No pictures in the copy. Write out the listing below exactly.

STORED DATA:
+--

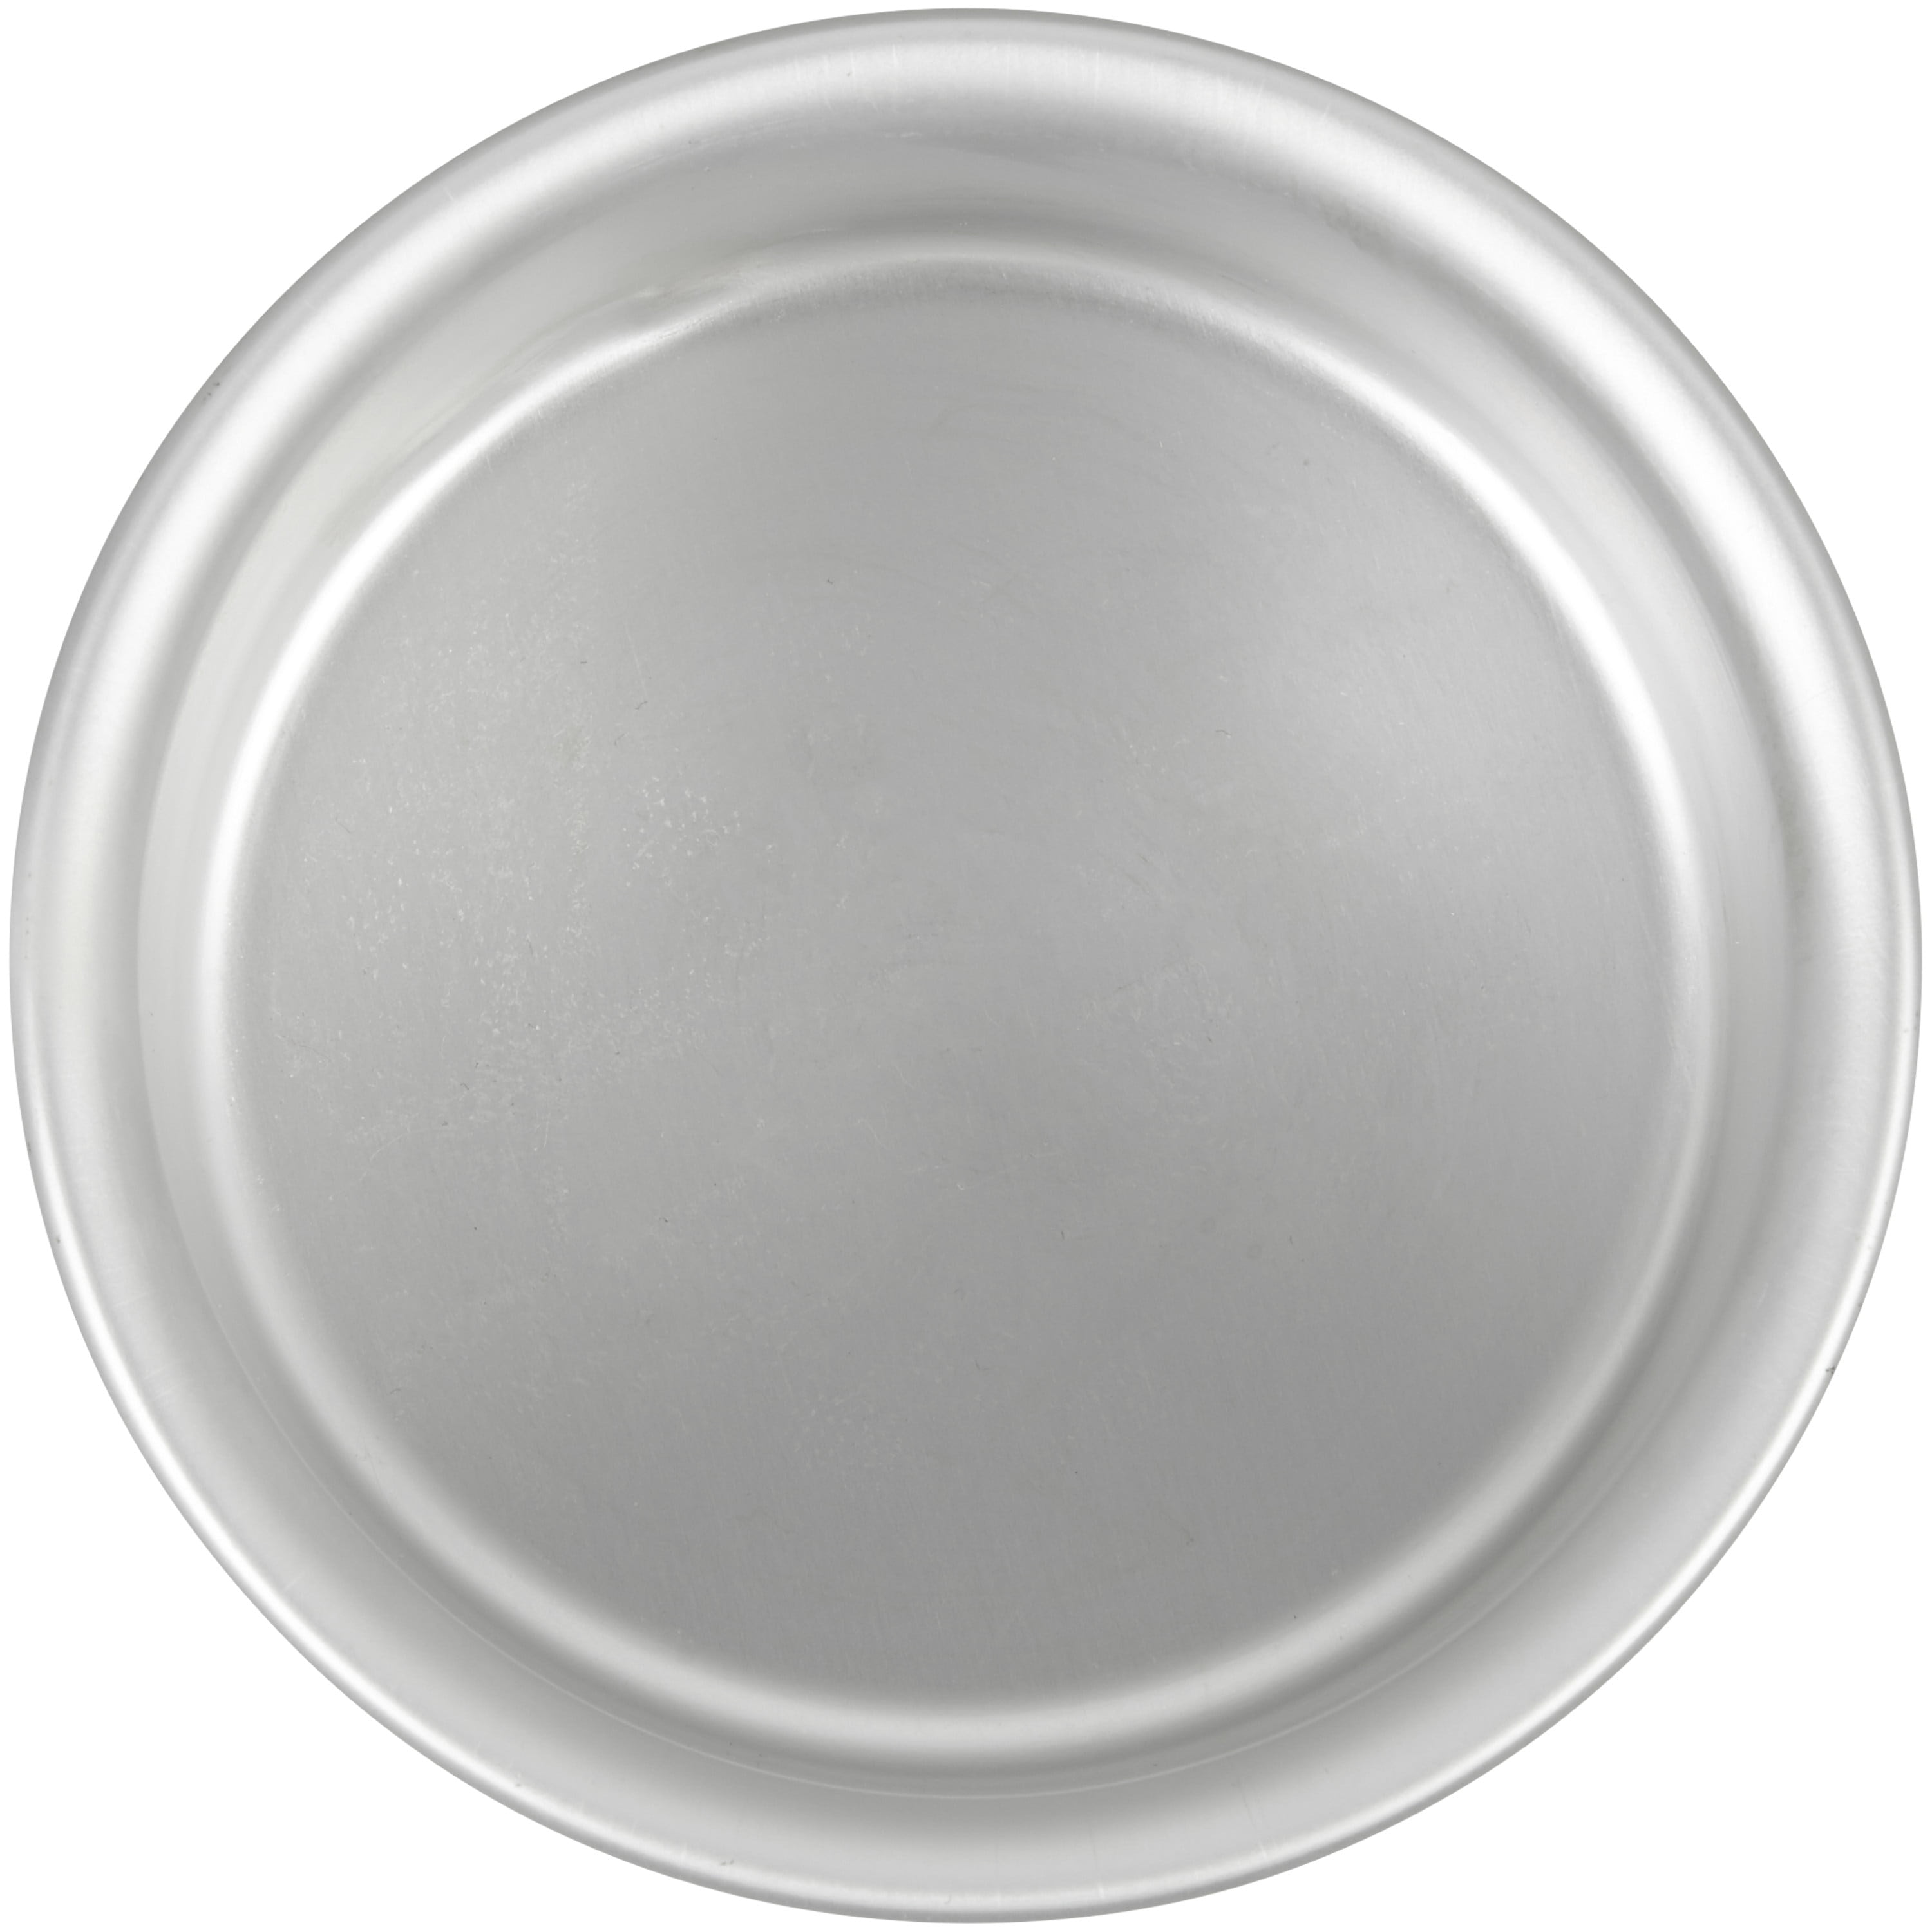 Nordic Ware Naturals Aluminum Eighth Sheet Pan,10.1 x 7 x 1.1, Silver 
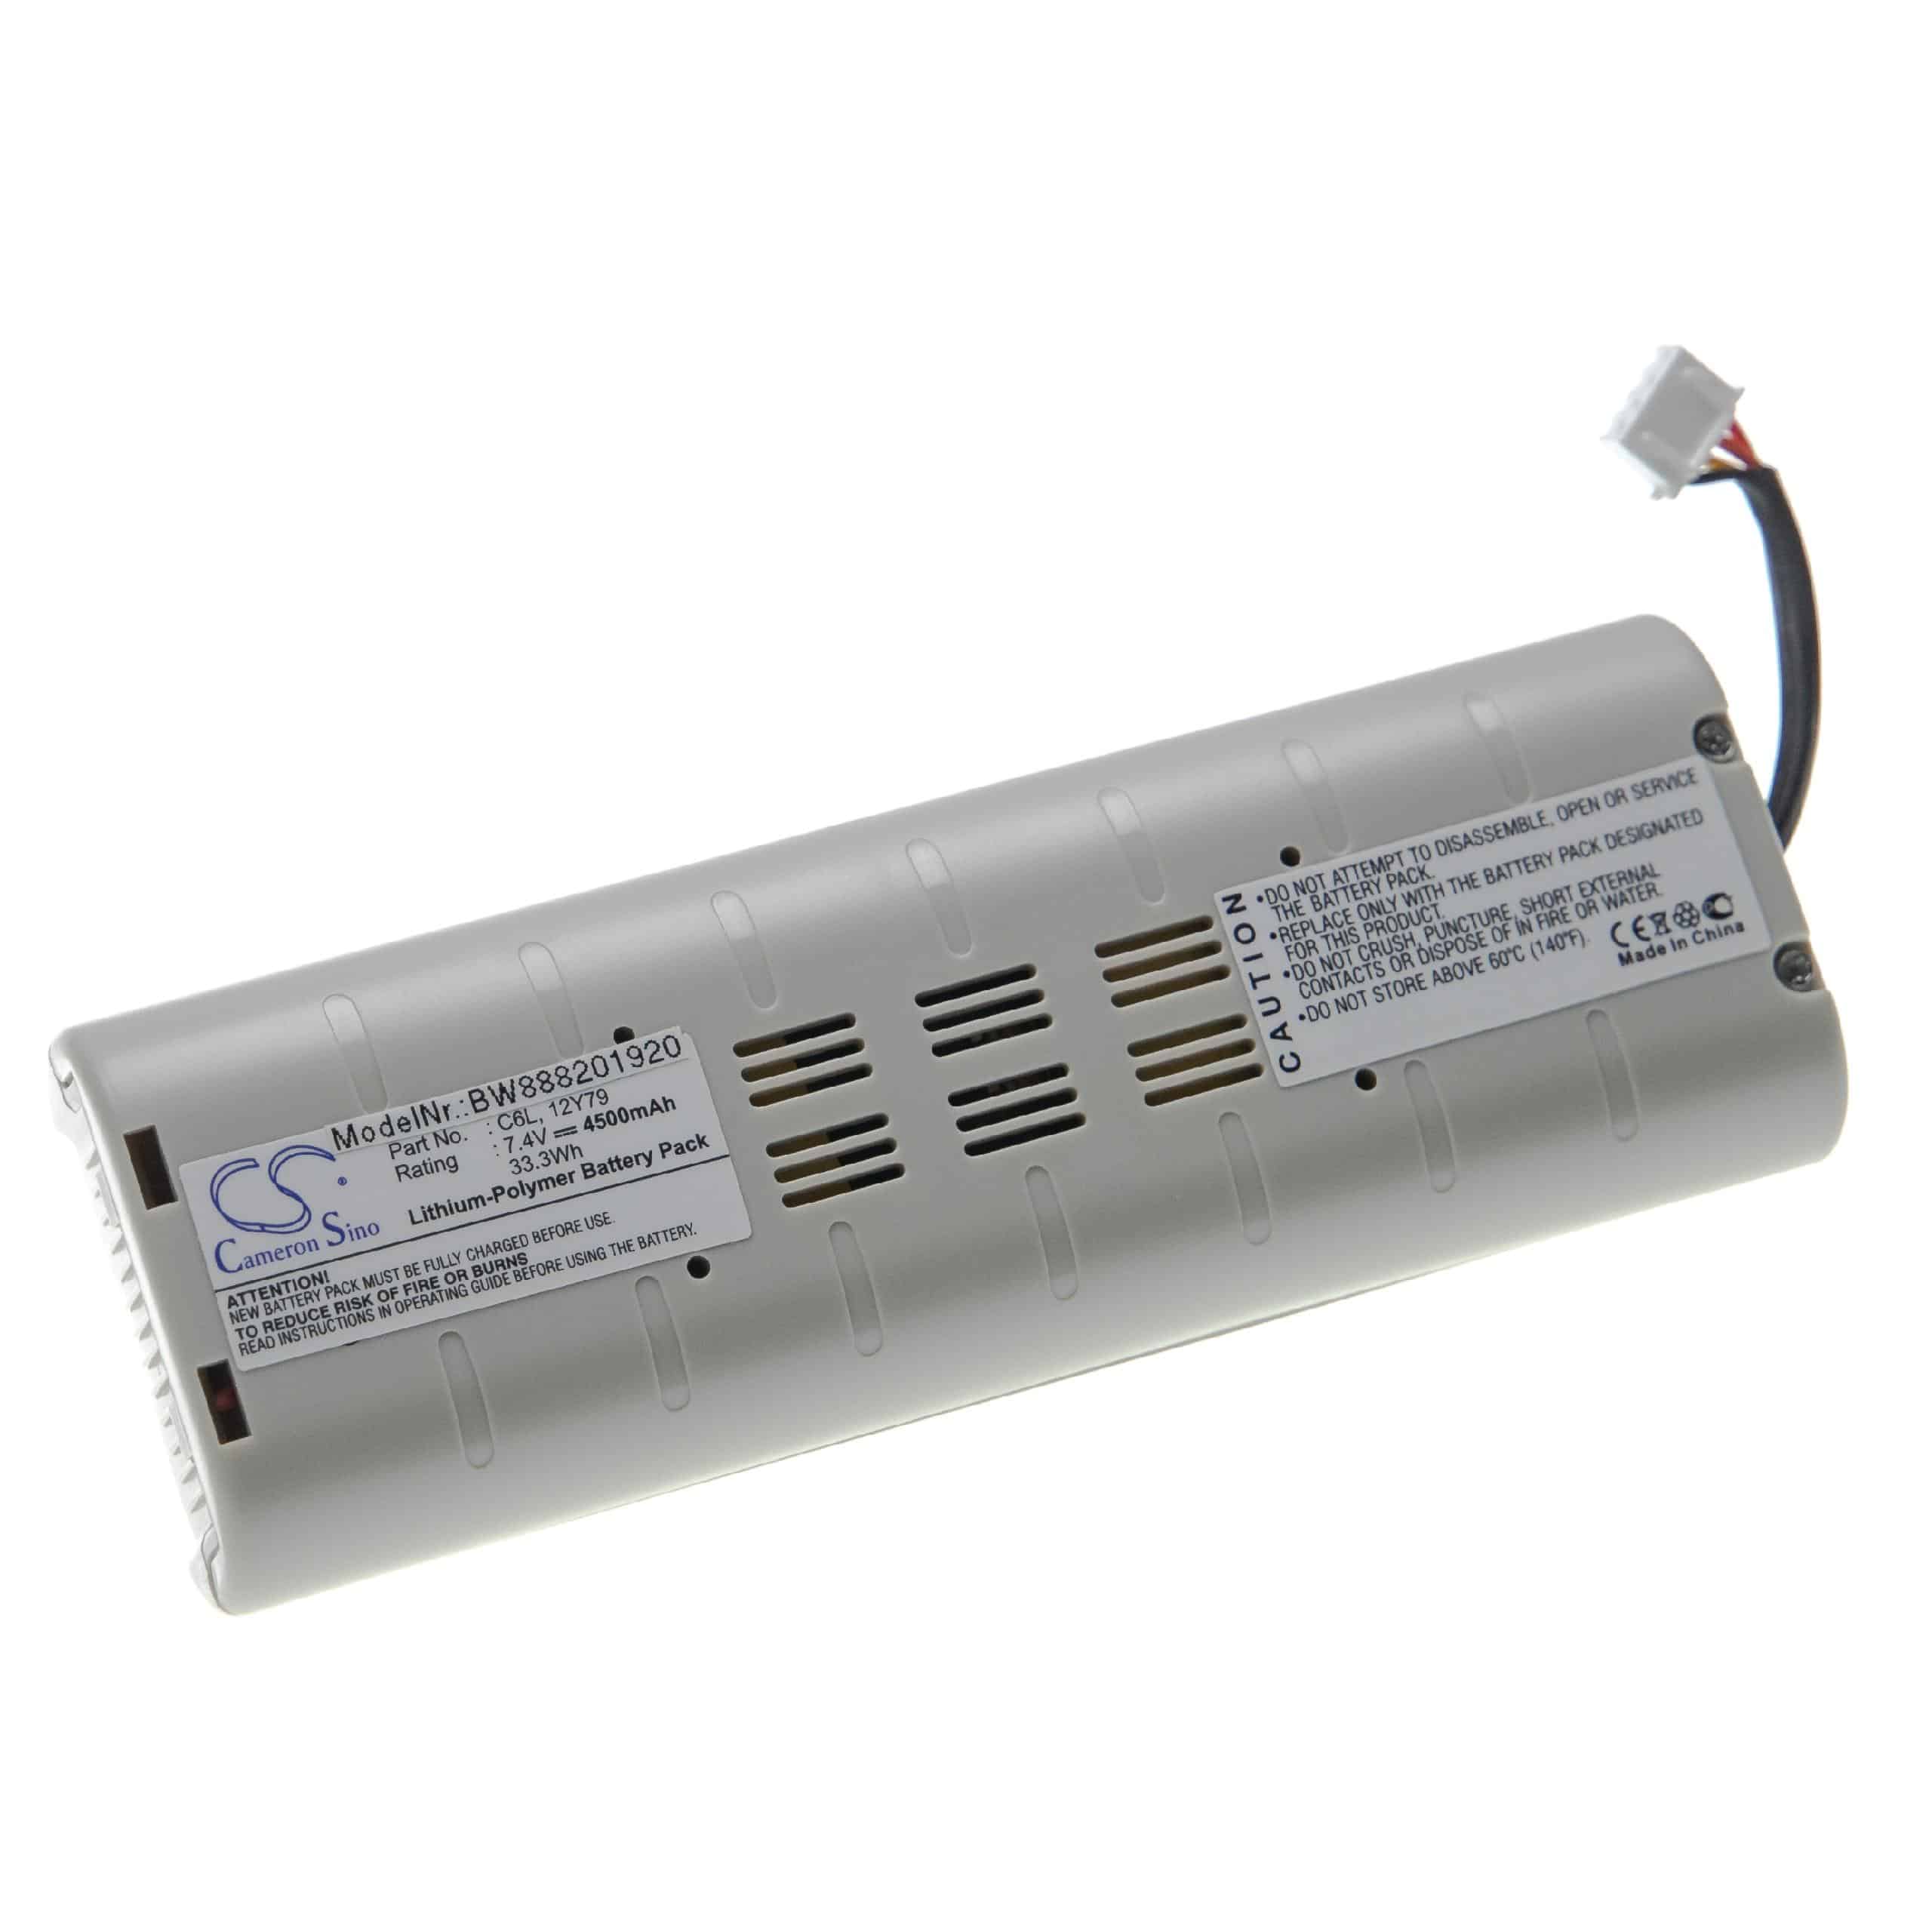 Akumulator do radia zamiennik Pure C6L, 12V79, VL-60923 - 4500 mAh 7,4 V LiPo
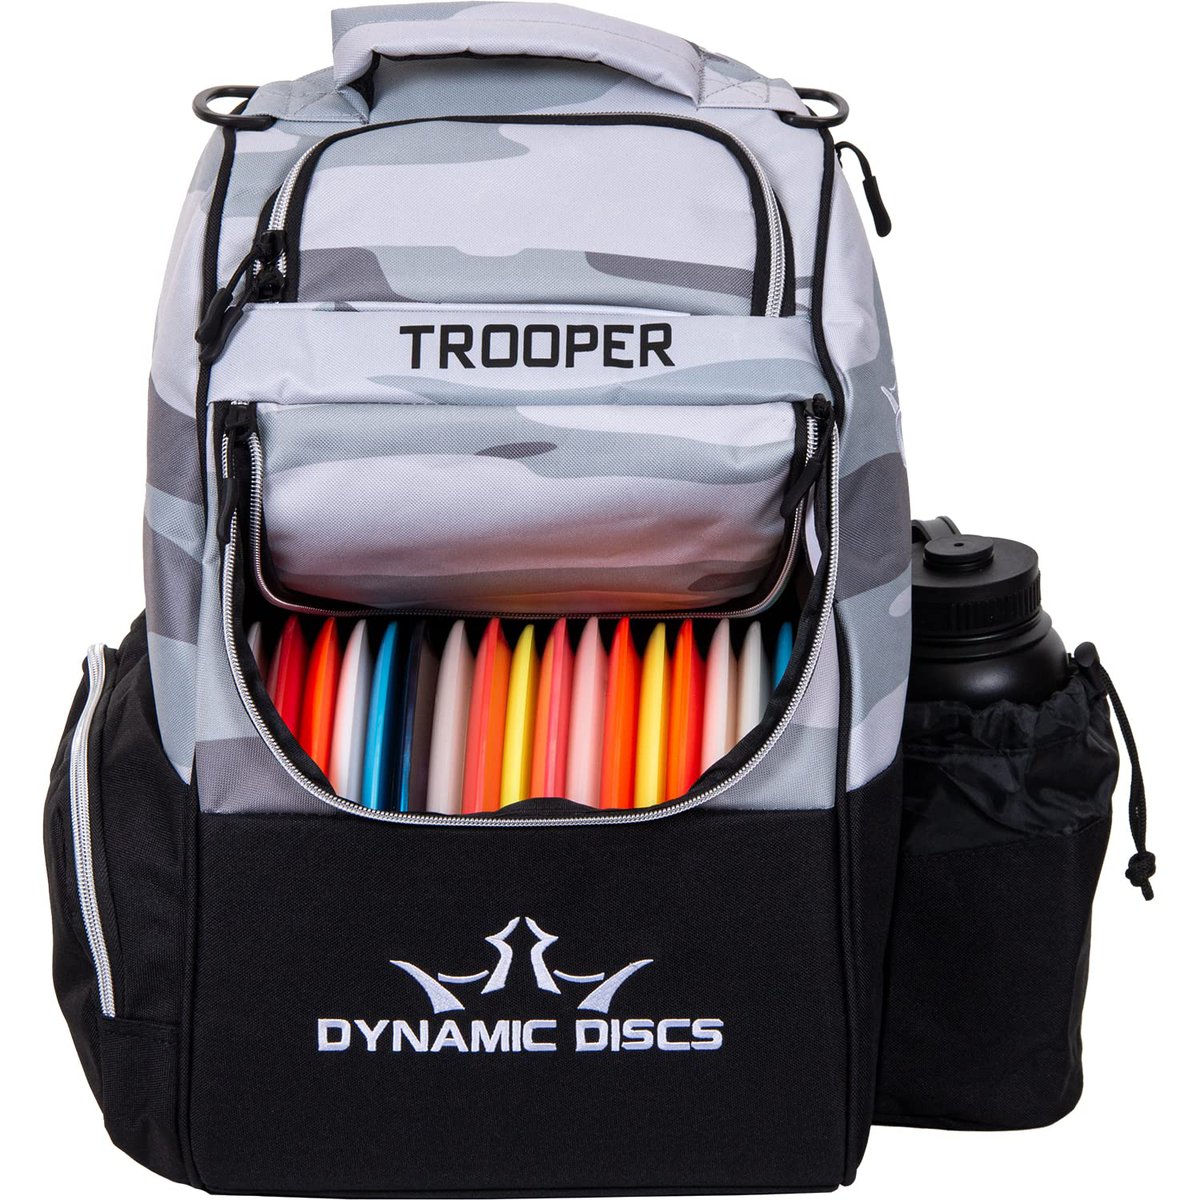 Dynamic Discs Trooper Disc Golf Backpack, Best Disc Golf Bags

+--

ANSWER TO THIS PROBLEM:
 Nordic Ware Naturals Aluminum Eighth Sheet Pan,10.1 x 7 x 1.1, Silver 
 Akumulator do radia zamiennik Pure C6L, 12V79, VL-60923 - 4500 mAh 7,4 V LiPo
 Dynamic Discs Trooper Disc Golf Backpack, Best Disc Golf Bags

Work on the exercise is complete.